This study demonstrated by MRI two morphometrically distinct types of SO palsy based upon features of the cross section of the SO muscle belly: anisotropic, elongate atrophy, and isotropic, round atrophy. Subjects exhibiting anisotropic atrophy had greater hypertropia in infraversion than central gaze, as well as greater exclyclotorsion did subjects exhibiting isotropic atrophy.

Neurogenic atrophy of extraocular muscles occurs reliably and rapidly following denervation^22,23. Demer et al. reported atrophy of the midorbital cross section of the monkey SO following total trochlear neurectomy¹⁸. The gross cross section of the monkey SO was not uniformly reduced along the entire atrophic muscle length, but was redistributed anteriorly into the region of the trochlea normally occupied by tendon, so that the overall SO volume was only minimally reduced.
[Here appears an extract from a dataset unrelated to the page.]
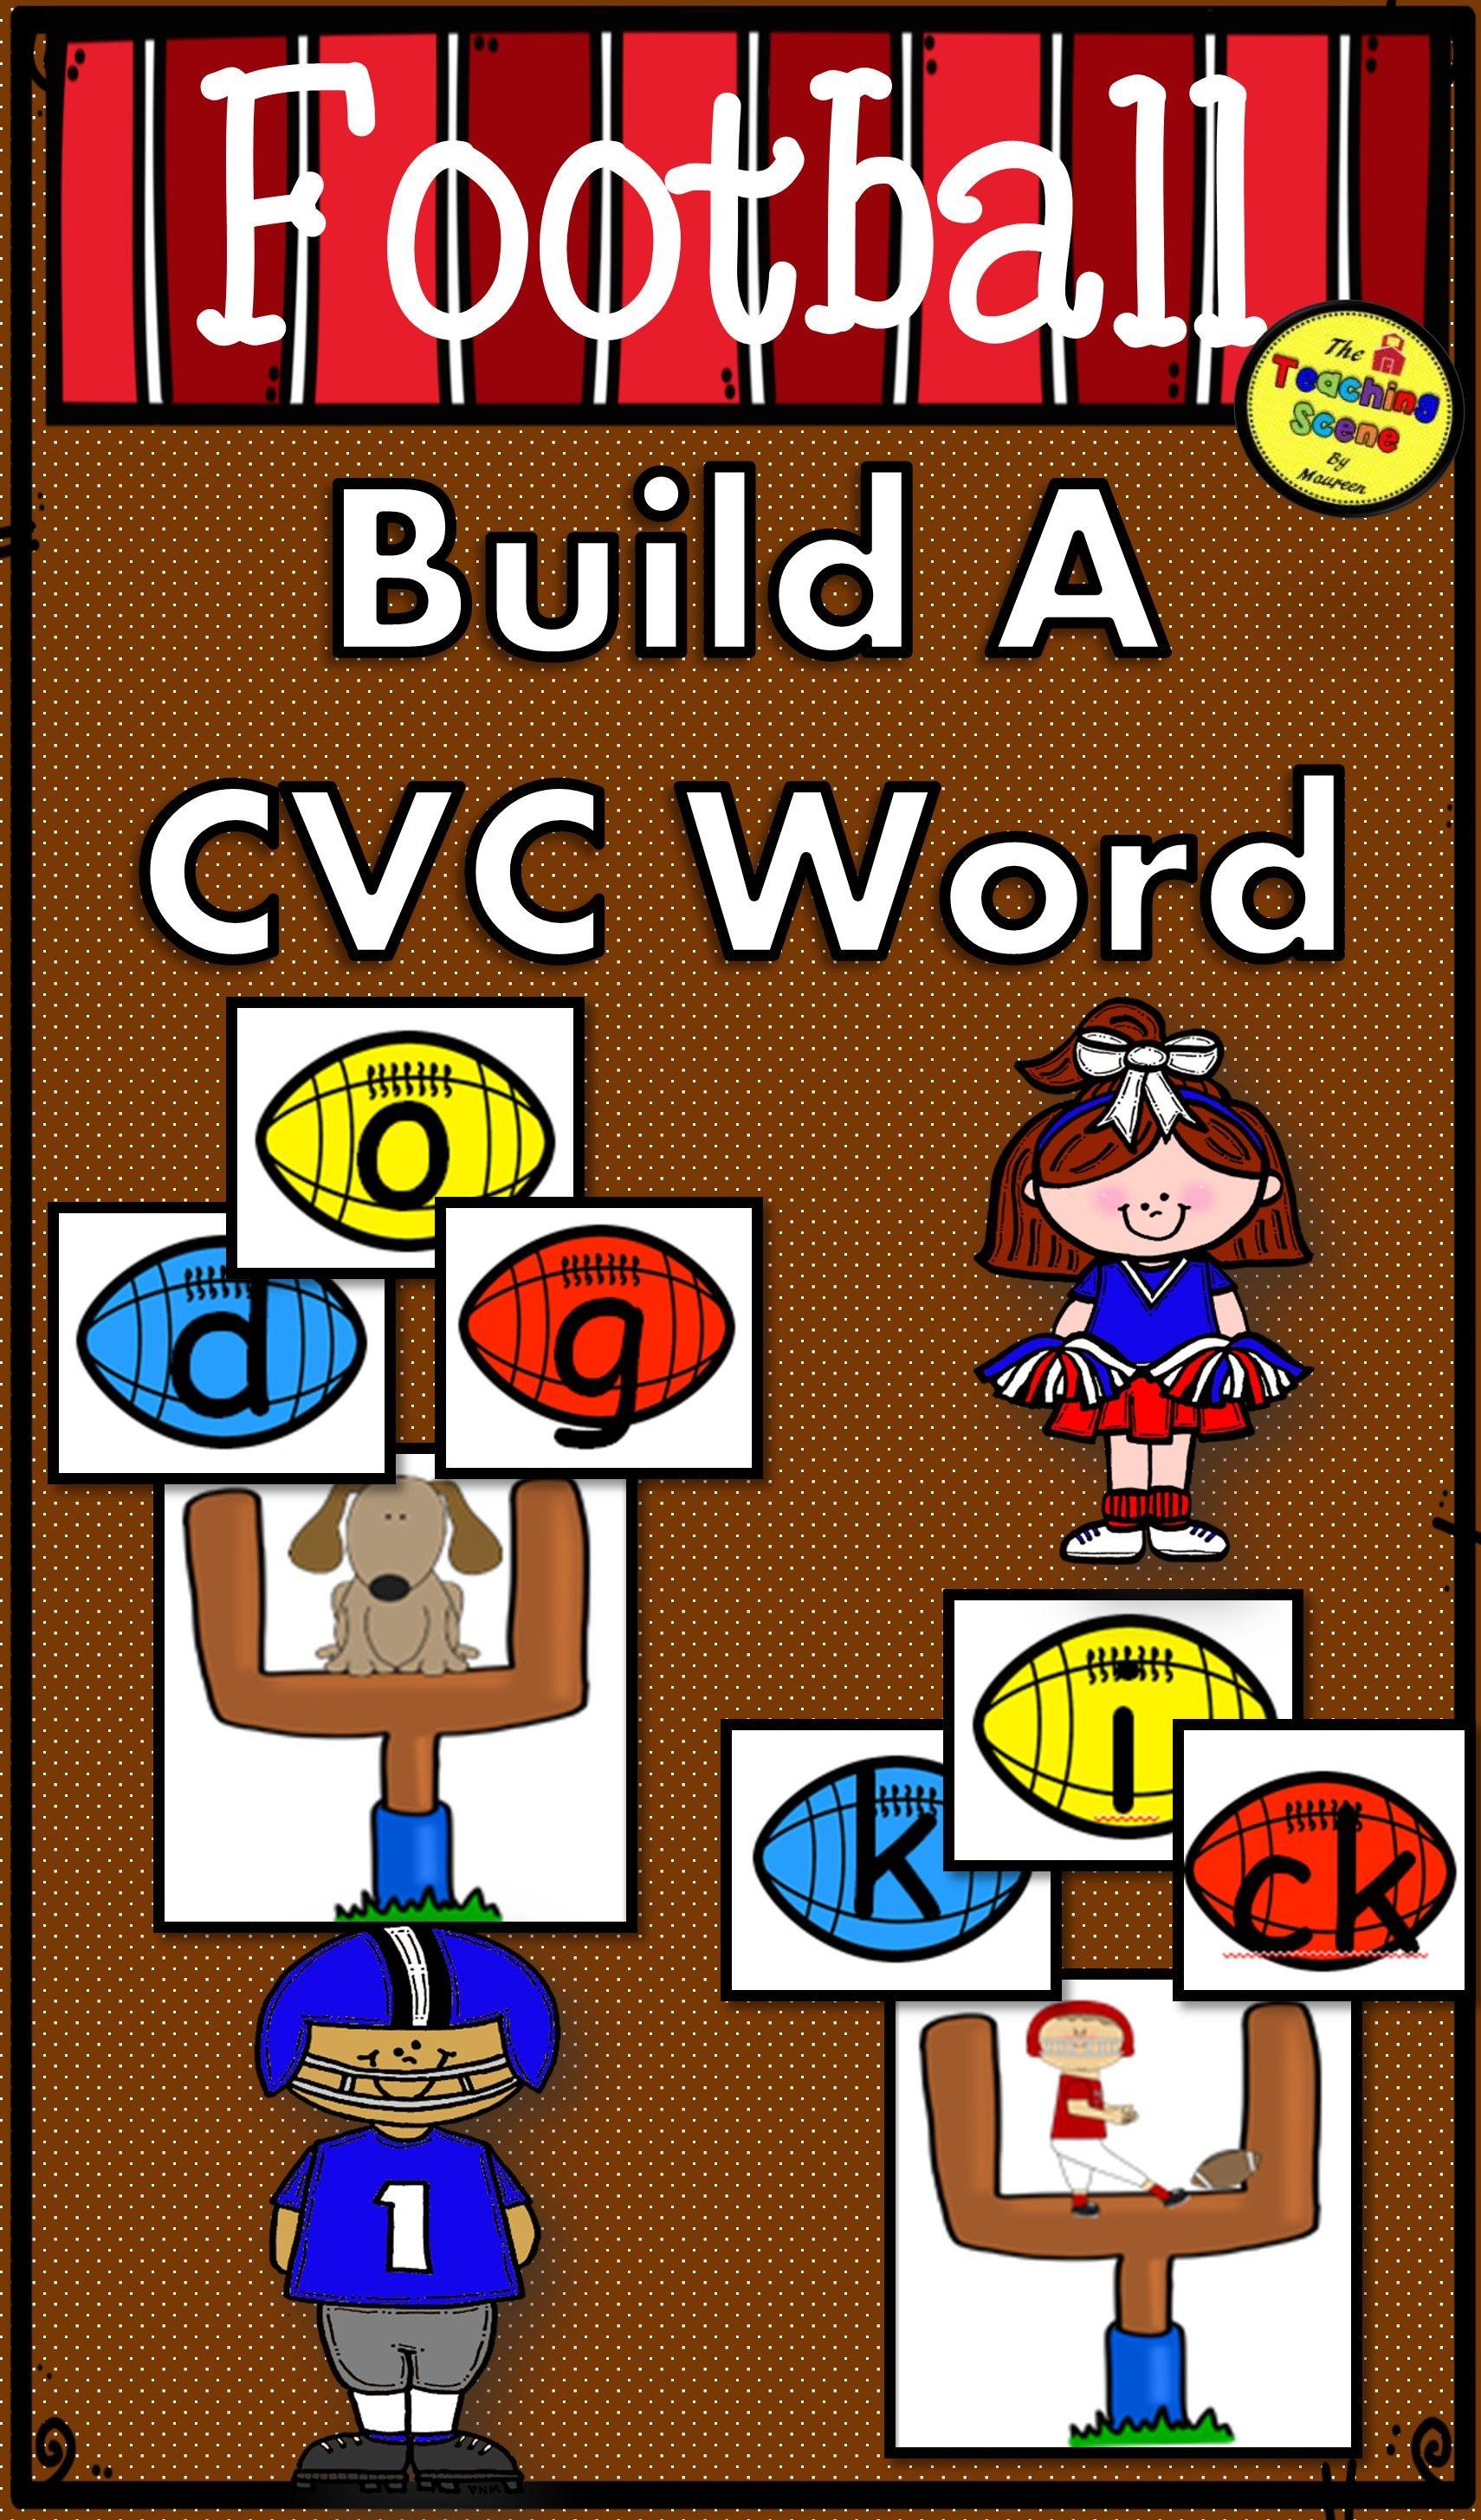 Football Build A Cvc Word Phonics Game

The SO volume after intracranial trochlear neurectomy was 18% greater than on the intact side in one monkey, but was 12% less in second monkey and 26% less in third monkey. However, in the present study, the isotropic atrophy group showed a significant 66% reduction in SO volume, and the anisotropic atrophy group showed 44% reduction. The volume reduction in the palsied human SO was greater than those in the monkey study. In the present study, the cross sectional area of the palsied SO was reduced at all image planes evaluated. These differences might be due to the differences of etiology, duration of palsy, and species. The durations of SO palsy were long and quite variable, which might have masked possible early secular effects on SO shape.
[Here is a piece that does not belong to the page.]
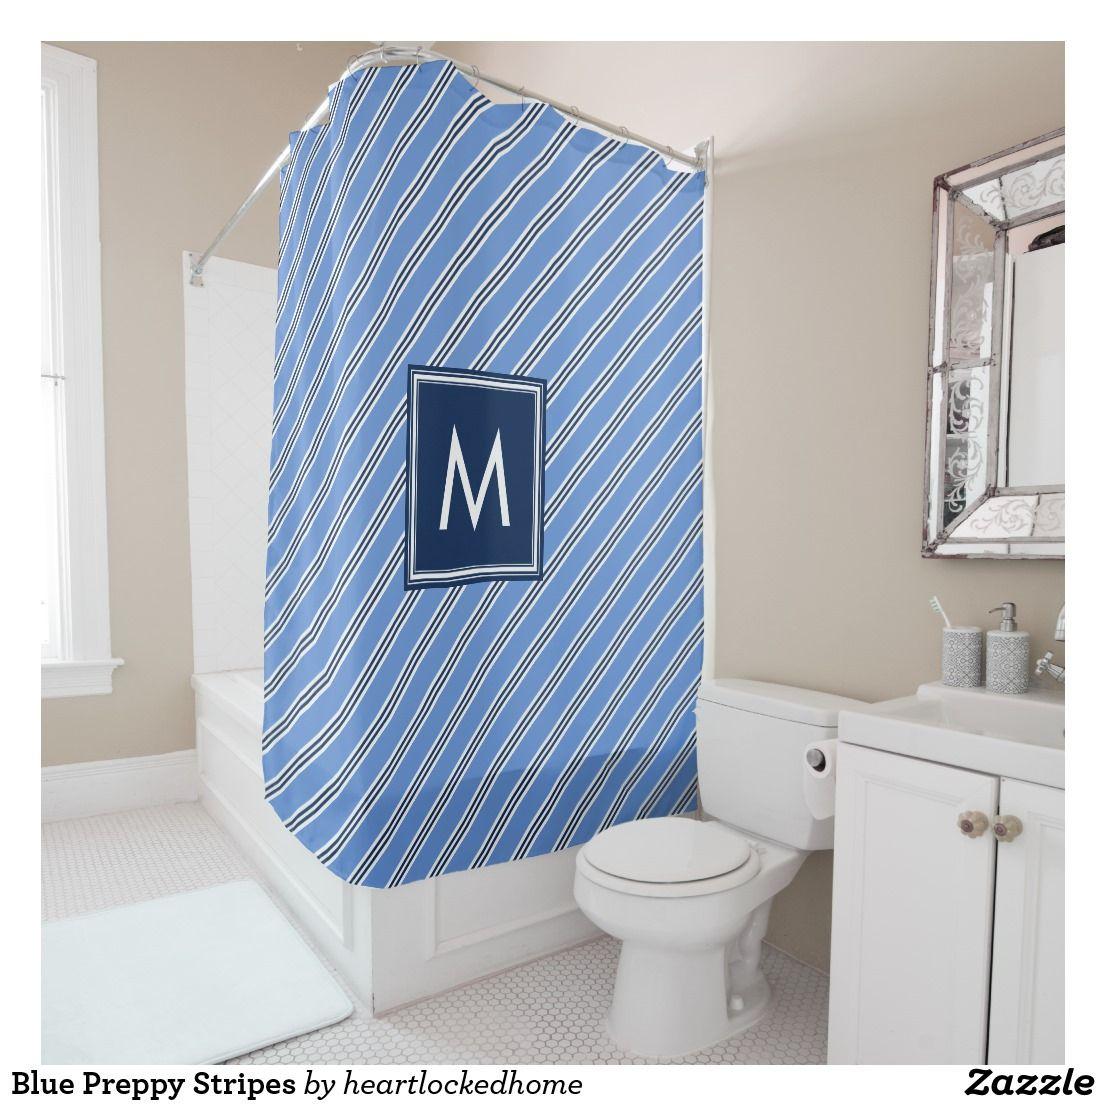 Blue Preppy Stripes Shower Curtain | Bath:Shower Curtains ...

In context of new anatomical understanding of the intramuscular SO innervation, we interpret the data in context of compartmentalization. The elongate, oval shaped SO belly in the anisotropic atrophy group is consistent with palsy of only one compartment, while the round, uniform SO belly in the isotropic atrophy group is consistent with palsy of both compartments. The anisotropic atrophy group would presumably maintain function in part of the SO. However, we cannot differentiate medial compartment palsy from lateral compartment palsy based on SO cross section morphology with current MRI technique. Thus, the anisotropic atrophy group could presumably include both cases of selective medial and other cases of selective lateral compartment palsy; the clinical presentation of the resulting group would be mixed, unless one compartment were selectively vulnerable to pathology. Selective compartmental vulnerability, while of course unproven in SO, has been suggested for lateral rectus by the frequent occurrence of palsy of only the superior compartment of that extraocular muscle, which represents about 30% of cases of lateral rectus weakness³. Heterogeneity of medial vs. lateral compartmental SO palsy in the group with anisotropic atrophy is one possible explanation why subjects exhibiting anisotropic atrophy both had greater hypertropia in infraversion than central gaze, as well as greater exclyclotorsion did subjects exhibiting isotropic atrophy. But it is also likely that abnormal SO function is associated with compensatory responses throughout the extraocular muscle compartments of both orbits. Similar widespread and sometimes paradoxical behaviors have been observed by MRI during vertical fusional vergence in normal people, including relaxation of the SO lateral compartment of the infraducting eye⁷.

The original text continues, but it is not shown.